Signed-off-by: Jan Beulich <jbeulich@novell.com>
--- a/xen/arch/ia64/linux-xen/acpi.c
+++ b/xen/arch/ia64/linux-xen/acpi.c
@@ -243,6 +243,13 @@ int get_cpu_id(u32 acpi_id)
return -1;
}
+
+int arch_acpi_set_pdc_bits(u32 acpi_id, u32 *pdc, u32 mask)
+{
+ pdc[2] |= ACPI_PDC_EST_CAPABILITY_SMP & mask;
+ return 0;
+}
+
#endif
static int __init
--- a/xen/arch/x86/acpi/cpu_idle.c
+++ b/xen/arch/x86/acpi/cpu_idle.c
@@ -619,12 +619,6 @@ static int init_cx_pminfo(struct acpi_pr
return 0;
}
-#define CPUID_MWAIT_LEAF (5)
-#define CPUID5_ECX_EXTENSIONS_SUPPORTED (0x1)

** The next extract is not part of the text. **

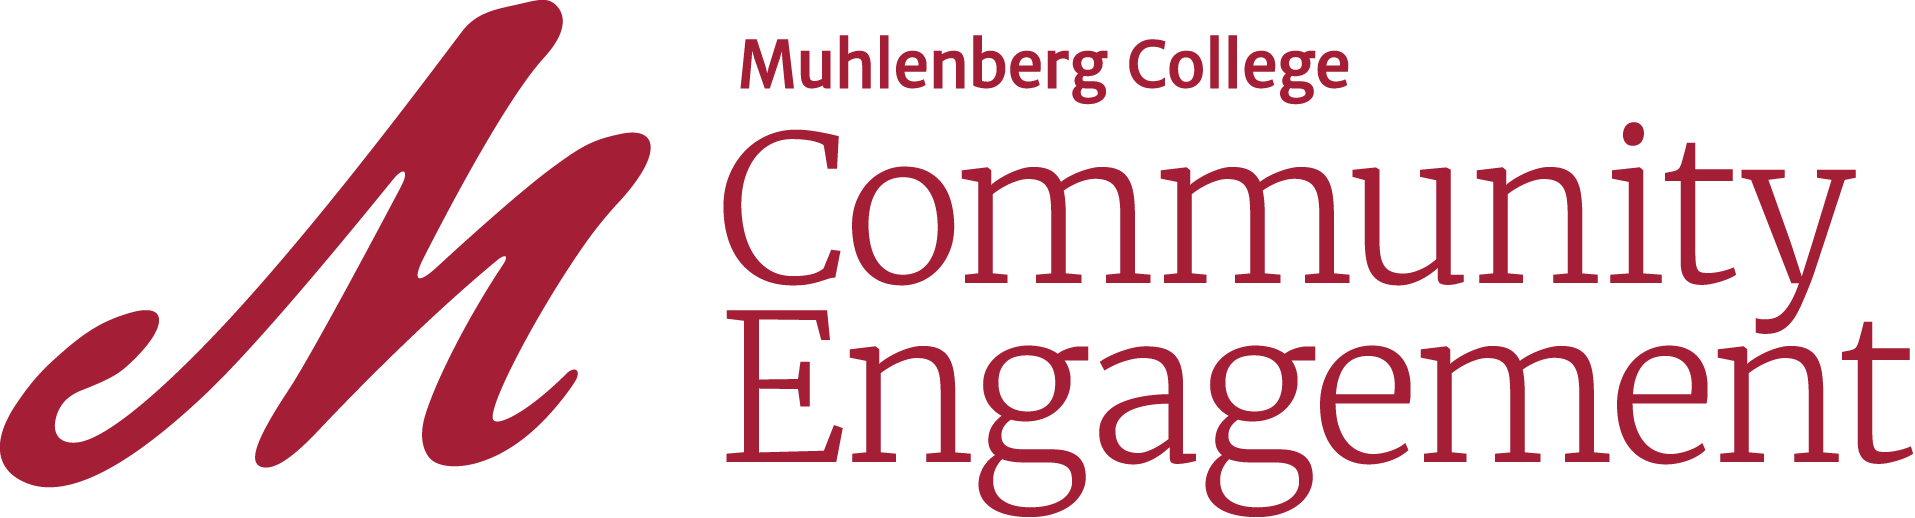 community engagement logo

-#define CPUID5_ECX_INTERRUPT_BREAK (0x2)
-
-#define MWAIT_ECX_INTERRUPT_BREAK (0x1)
-
#define MWAIT_SUBSTATE_MASK (0xf)
#define MWAIT_SUBSTATE_SIZE (4)
--- a/xen/arch/x86/acpi/boot.c
+++ b/xen/arch/x86/acpi/boot.c
@@ -1006,3 +1006,47 @@ unsigned int acpi_get_processor_id(unsig
return INVALID_ACPIID;
}
+
+static void get_mwait_ecx(void *info)
+{
+ *(u32 *)info = cpuid_ecx(CPUID_MWAIT_LEAF);
+}
+
+int arch_acpi_set_pdc_bits(u32 acpi_id, u32 *pdc, u32 mask)
+{
+ unsigned int cpu = get_cpu_id(acpi_id);
+ struct cpuinfo_x86 *c;
+ u32 ecx;
+
+ if (!(acpi_id + 1))
+ c = &boot_cpu_data;
+ else if (cpu >= NR_CPUS || !cpu_online(cpu))
+ return -EINVAL;
+ else
+ c = cpu_data + cpu;
+
+ pdc[2] |= ACPI_PDC_C_CAPABILITY_SMP & mask;
+
+ if (cpu_has(c, X86_FEATURE_EST))
+ pdc[2] |= ACPI_PDC_EST_CAPABILITY_SWSMP & mask;
+
+ if (cpu_has(c, X86_FEATURE_ACPI))
+ pdc[2] |= ACPI_PDC_T_FFH & mask;
+
+ /*
+ * If mwait/monitor or its break-on-interrupt extension are
+ * unsupported, Cx_FFH will be disabled.
+ */
+ if (!cpu_has(c, X86_FEATURE_MWAIT) ||
+ c->cpuid_level < CPUID_MWAIT_LEAF)
+ ecx = 0;
+ else if (c == &boot_cpu_data || cpu == smp_processor_id())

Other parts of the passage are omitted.